With Jacqueline Goss

Videos by Jacqueline Goss

July 8 | 7 pm

I like stories about people who set out to objectively measure or chart something and then fail in interesting ways when they get tangled up in the natural color and noise of the world.

Jacqueline Goss makes videos and web-based works exploring the rules, histories, and tools of language and mapmaking systems. Her projects take as their source specific acts of writing and cartography that bring about cultural change, technological innovation, or create social narrative ruptures. For the last few years she has used 2D digital animation techniques to work within the genre of the animated documentary.

Stranger Comes To Town

( 2007, 28 minutes)

They say there’s only two stories in the world: man goes on a journey, and stranger comes to town.

Six people are interviewed anonymously about their experiences coming into the US. Each then designs a video game avatar who tells their story by proxy. Goss focuses on the questions and examinations used to establish identity at the border, and how these processes in turn affect one’s own sense of self and view of the world.

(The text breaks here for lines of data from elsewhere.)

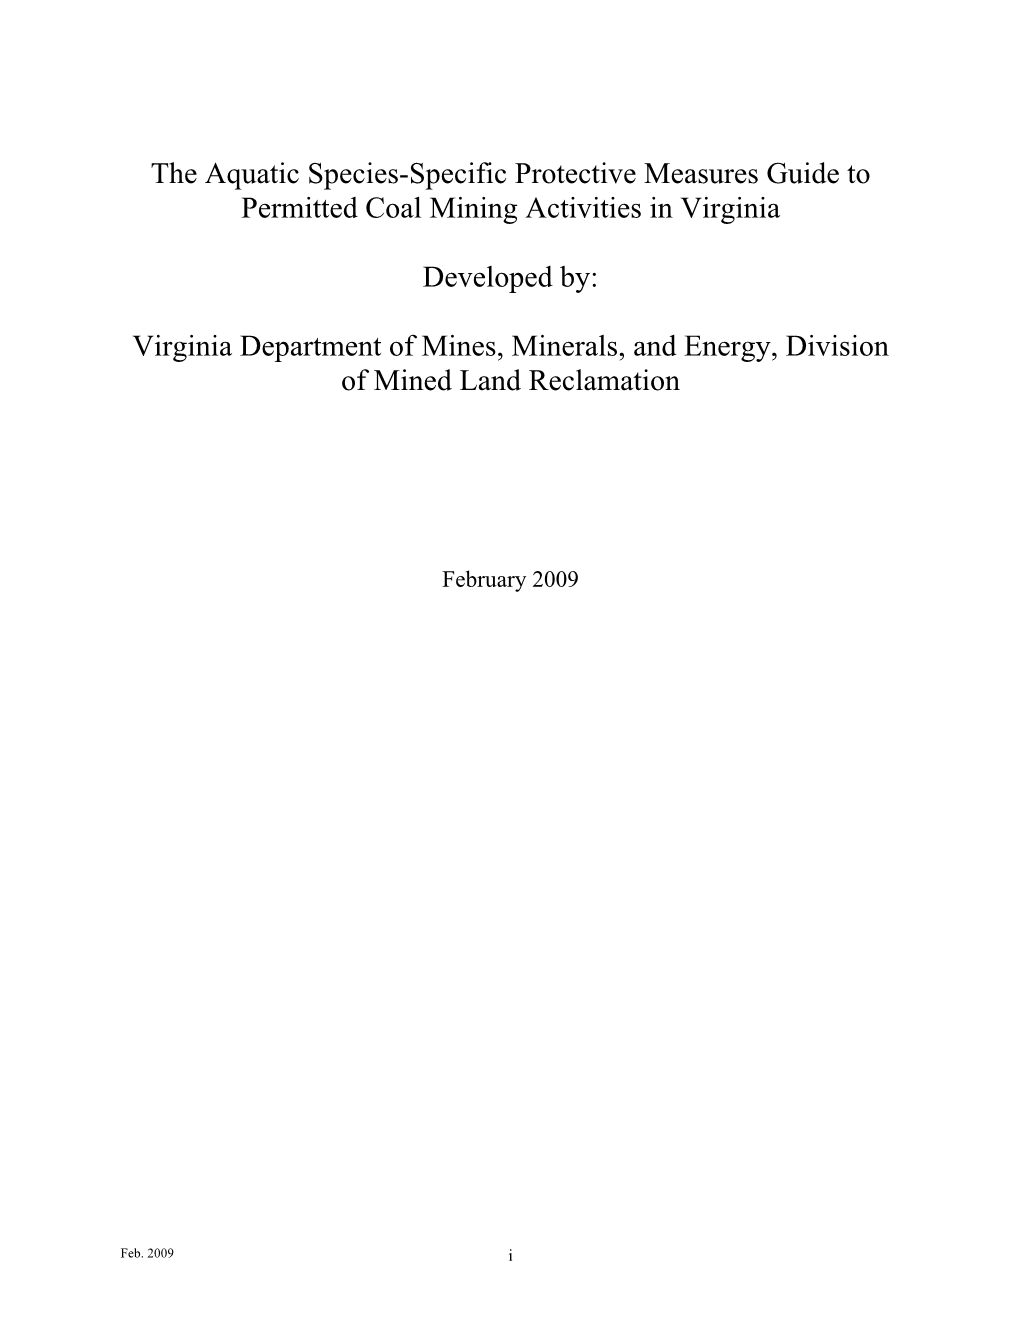 Aquatic Species-Specific Protective Measures Guide to Permitted Coal Mining Activities in Virginia
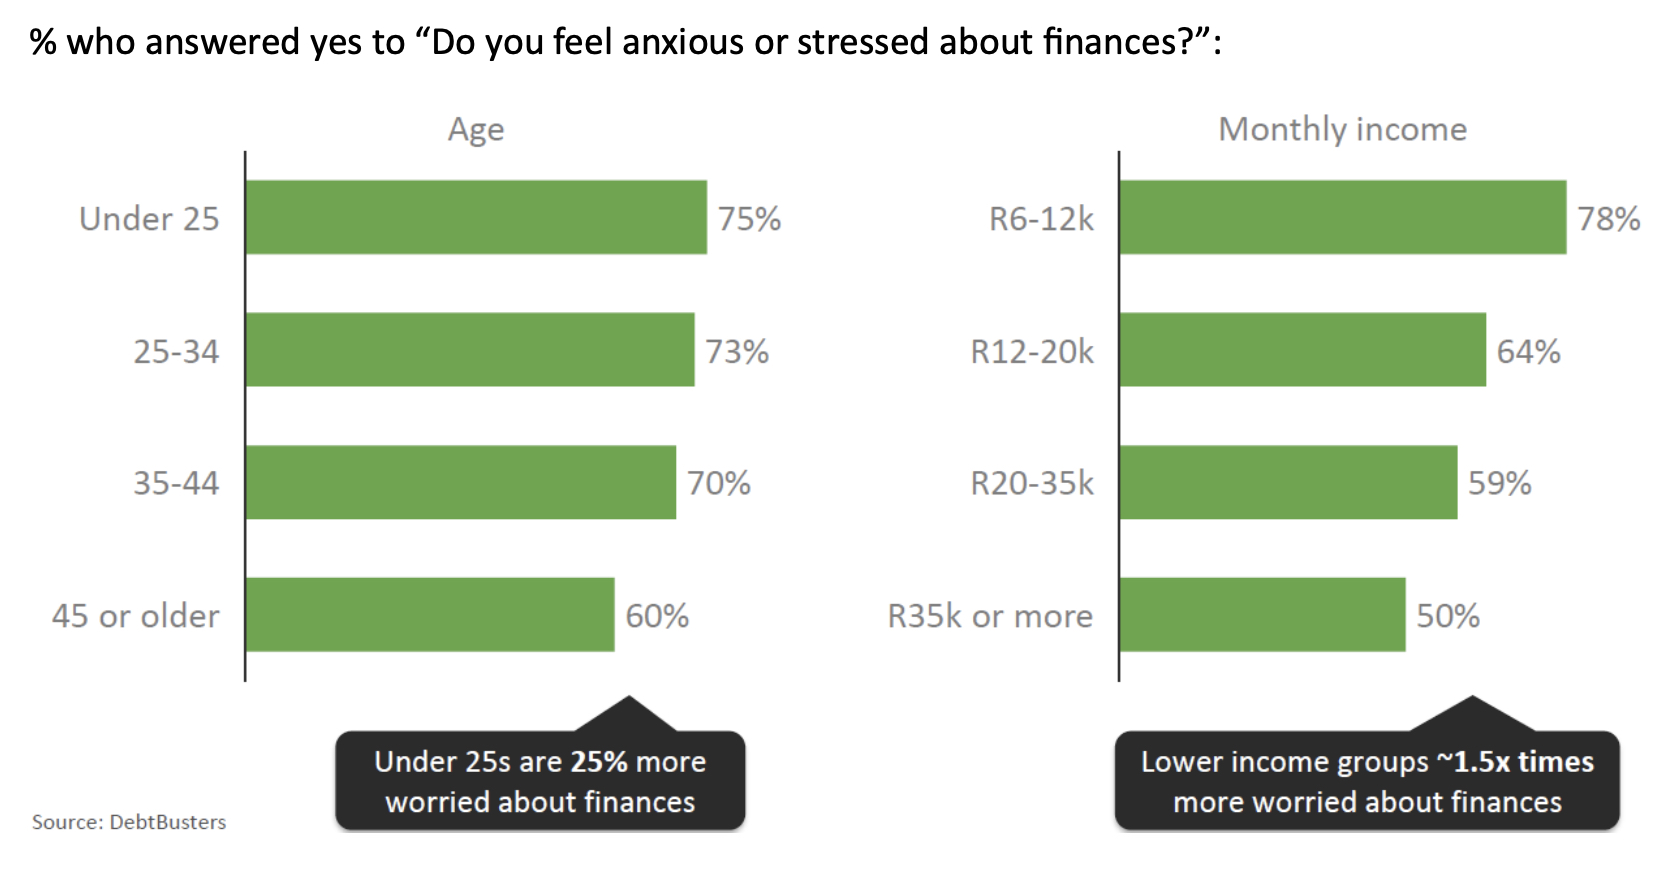 Graph showing % who answered yes to "Do you feel anxious or stressed about finances?"
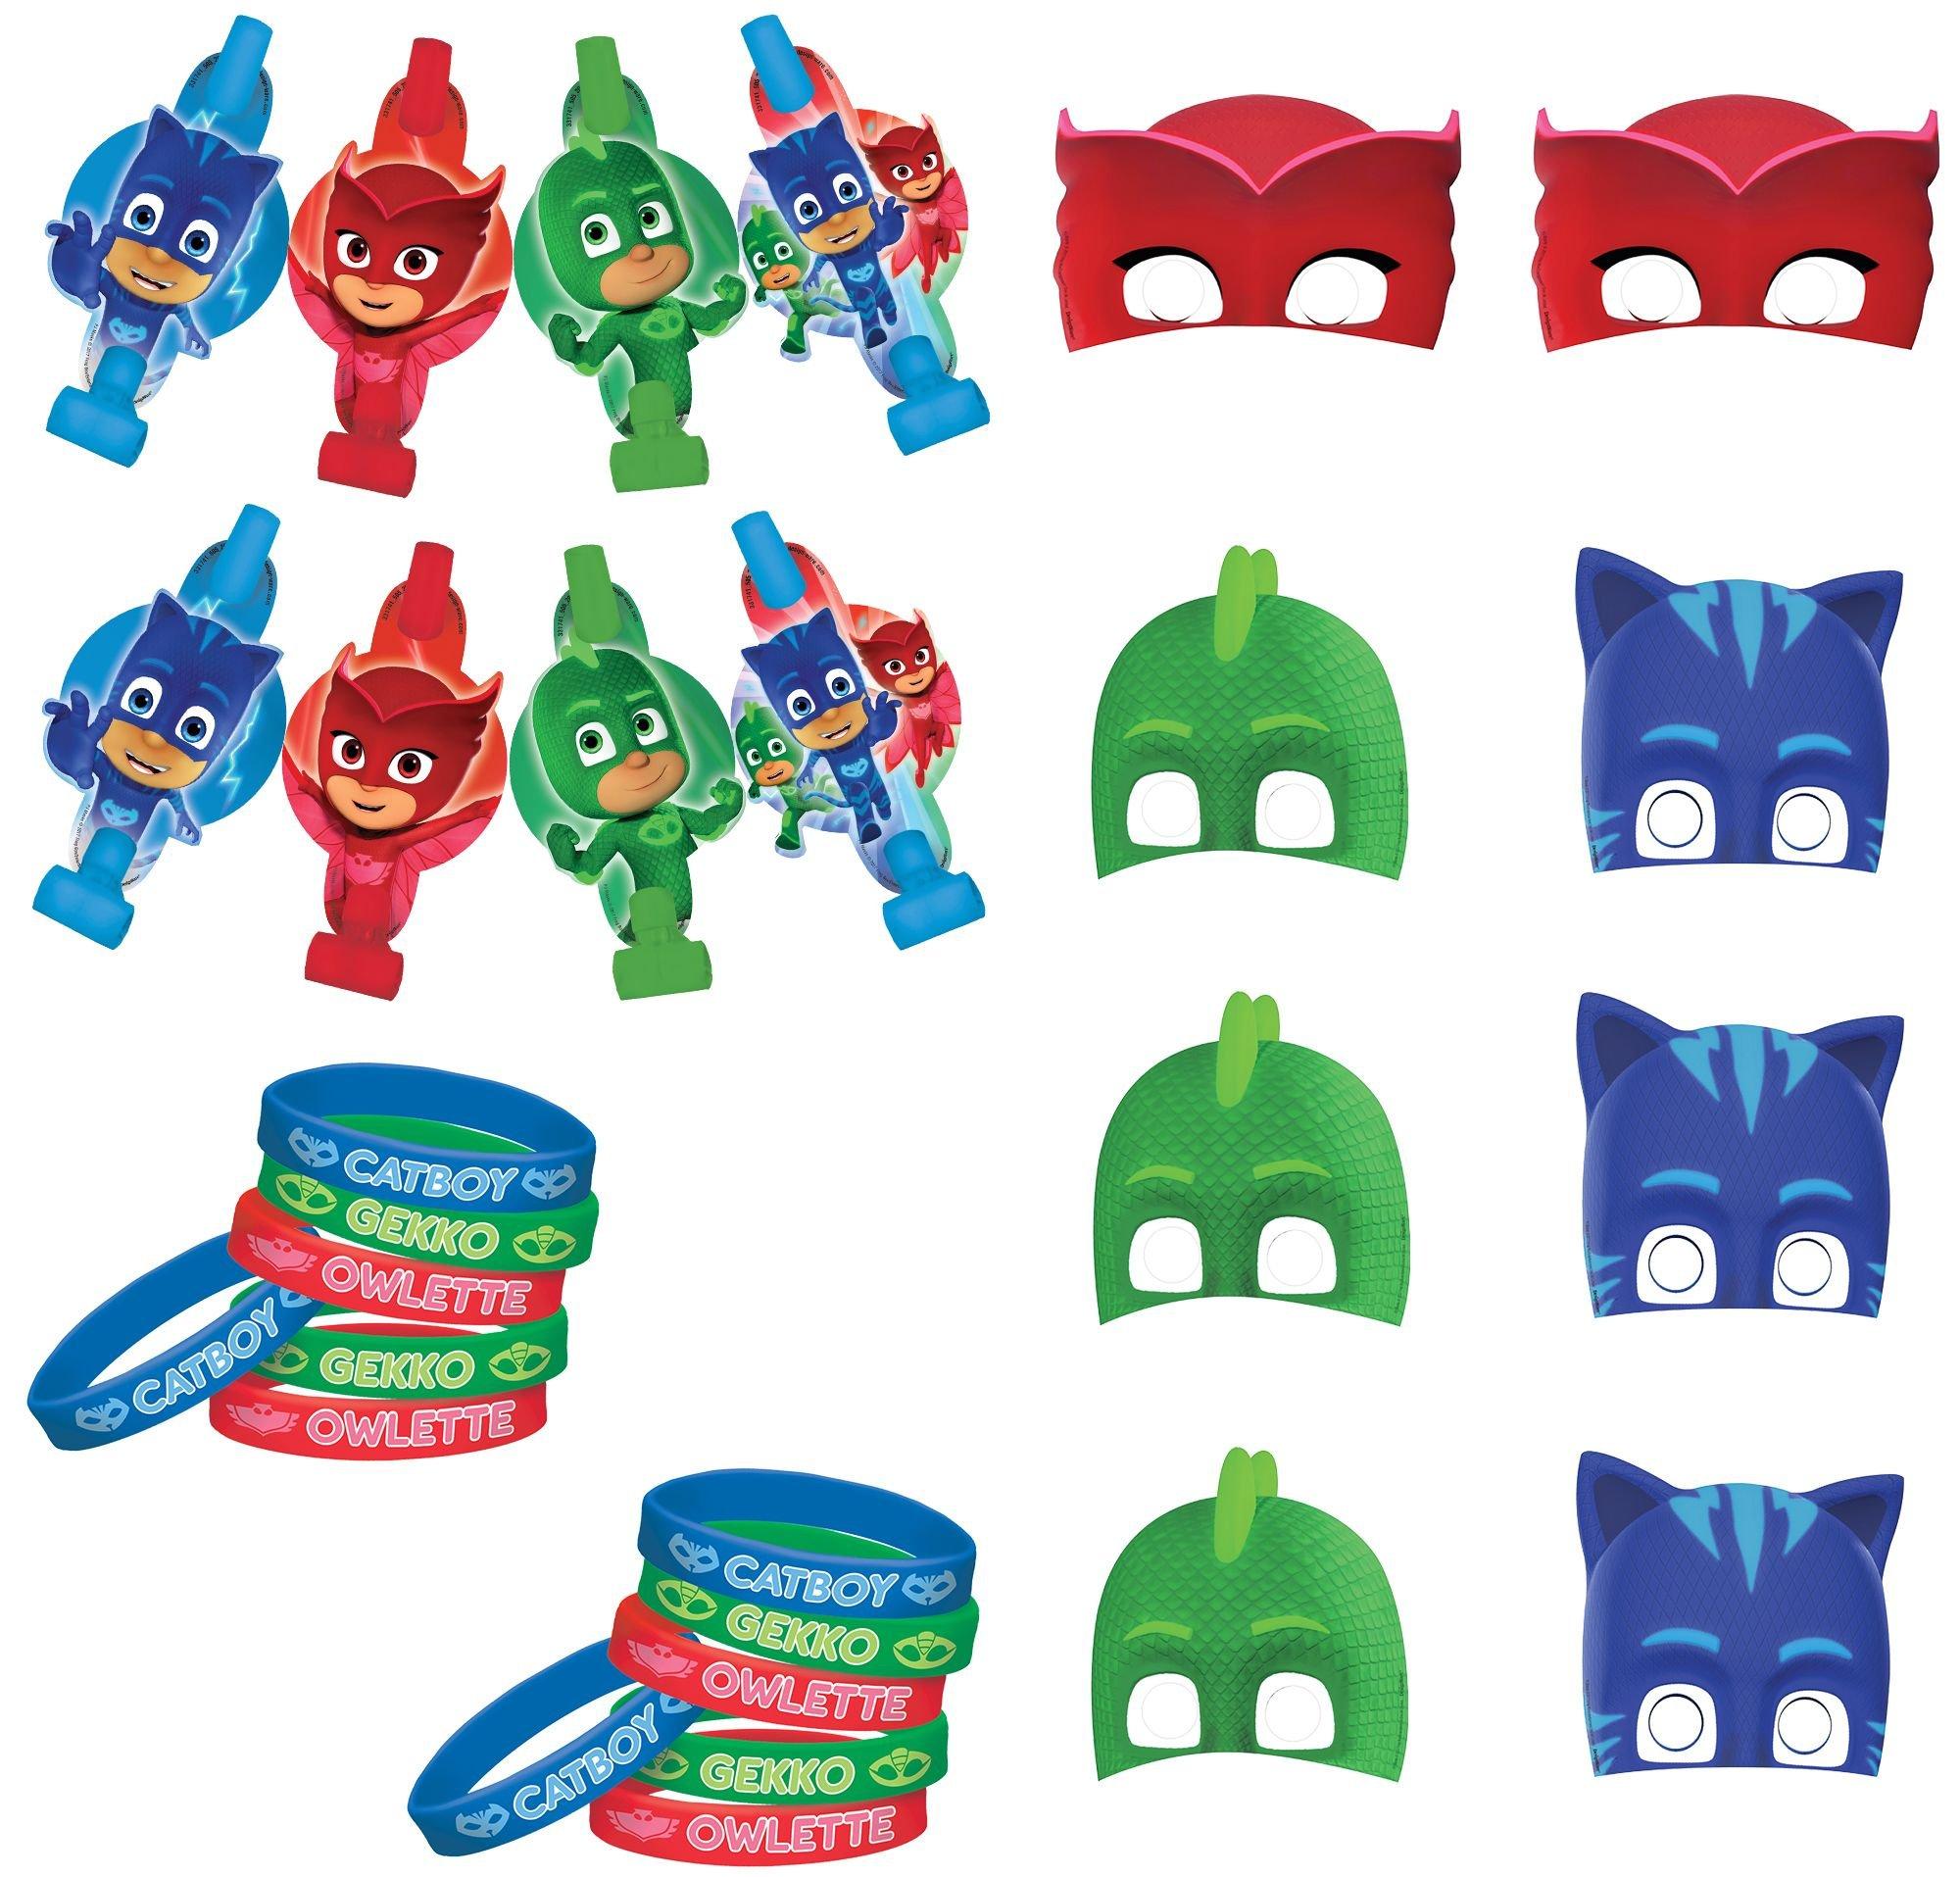 PJ Masks Party Favor Supplies Pack for 8 Guests - Kit Includes Blowouts, Masks & Wristbands

“Stranger Comes to Town” re-works animations from the Department of Homeland Security –combining them with stories from the border, impressions from the on-line game World of Warcraft, and journeys via Google Earth to tell a tale of bodies moving through lands familiar and strange.

The 100th Undone

(2001, 9 minutes)

A love letter of sorts to the individual in the age of biotechnical reproduction. “The 100th Undone” takes on the textures of analog media to create a personalized pre-history for future human clones.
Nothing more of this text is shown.